Canadian poet and lawyer

Eustace Alvanley Jenns (1860-1930), usually known as E. A. Jenns, was a Canadian poet and lawyer. In 1880, he published the first sizeable work of literature in British Columbia, Evening to Morning, and Other Poems. Jenns practiced law in New Westminster and Vancouver. His second volume of verse, Orpheus and Eurydice and Other Poems, appeared in 1910. Apart from poetry, he also wrote political and literary articles.

==Biography==
The son of Reverend Percival Jenns and Emma Jane Arden, Eustace Alvaney Jenns was born in Middlewich, Cheshire, England, on 14 July 1860. At the age of five, he accompanied his parents to Victoria, British Columbia, where his father was to be minister for the Anglican diocese. Jenns was educated at Collegiate School in Victoria, and St. John's College, in Hurstpierpont, Sussex.

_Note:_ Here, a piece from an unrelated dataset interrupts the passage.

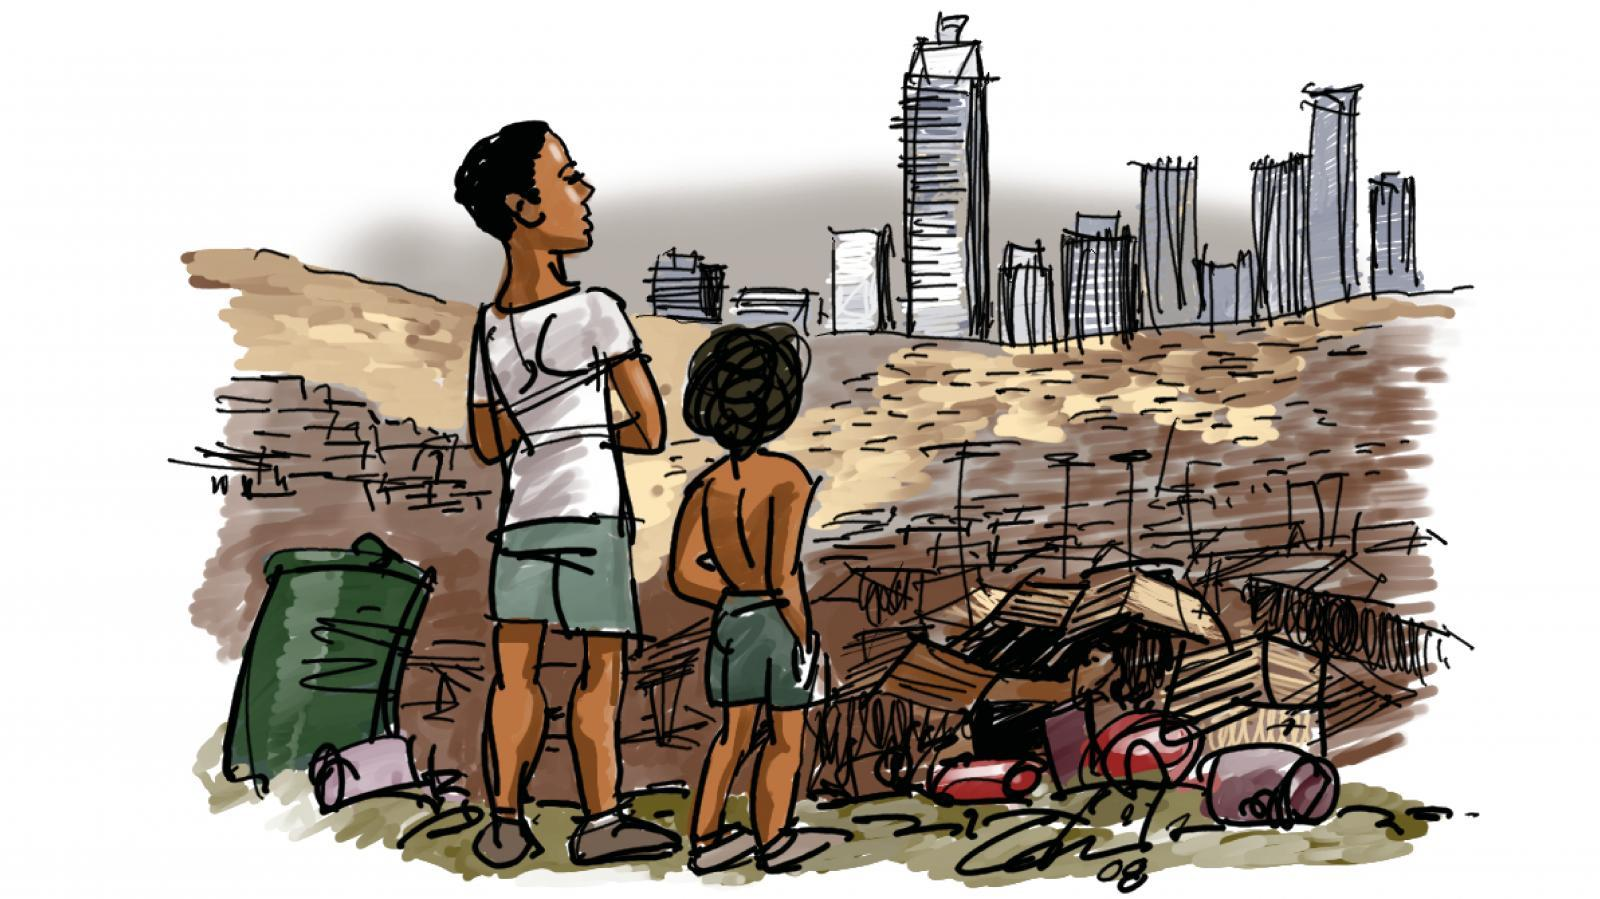 Opinião | Thomas Piketty – É hora de distribuir a riqueza

Under the direction of the Victoria publishers, Thomas Napier Hibben and Robert Taylor Williams, Jenns learned the art of typesetting and bookbinding. In 1880, encouraged by his old schoolmaster, he decided to publish his poetry. The result was a beautifully produced book, Evening to Morning, and Other Poems. It was the first bound work of literature published in British Columbia, and at forty pages, the longest to that time. (Note: Sawney's Letters: or, Cariboo Rhymes, by James Anderson, was published in Barkerville in 1866 by the Cariboo Sentinel, perhaps as a broadsheet, although no copy of the first edition has survived. The second and third editions published in 1868 and 1869 were respectively four and twenty-four pages, in medium and small format. The next literary works published in British Columbia were two folded pamphlets, or chapbooks, of individual poems, by George Mason, a rector in Nanaimo, published in 1875 in Victoria. The titles were Lo! The Poor Indian! and Ode on the Loss of the Steamship "Pacific," November 4th, 1875.) Five hundred copies were printed for sale. When Jenns later recalled the books from the distributors, he found that only one copy had been sold. An 1881 review appeared in the London illustrated newspaper The Graphic. It described the title poem, concerned with eternal mysteries, as perhaps beyond the young poet's powers, but the Norse inspired "Battle Song" had spirit. In 1895, The Province, a Victoria weekly newspaper, dismissively opined the book wasn't of high merit. Robert Bringhurst wrote that, while juvenile, the poems showed that Jenns "had talent and the capacity for introspection."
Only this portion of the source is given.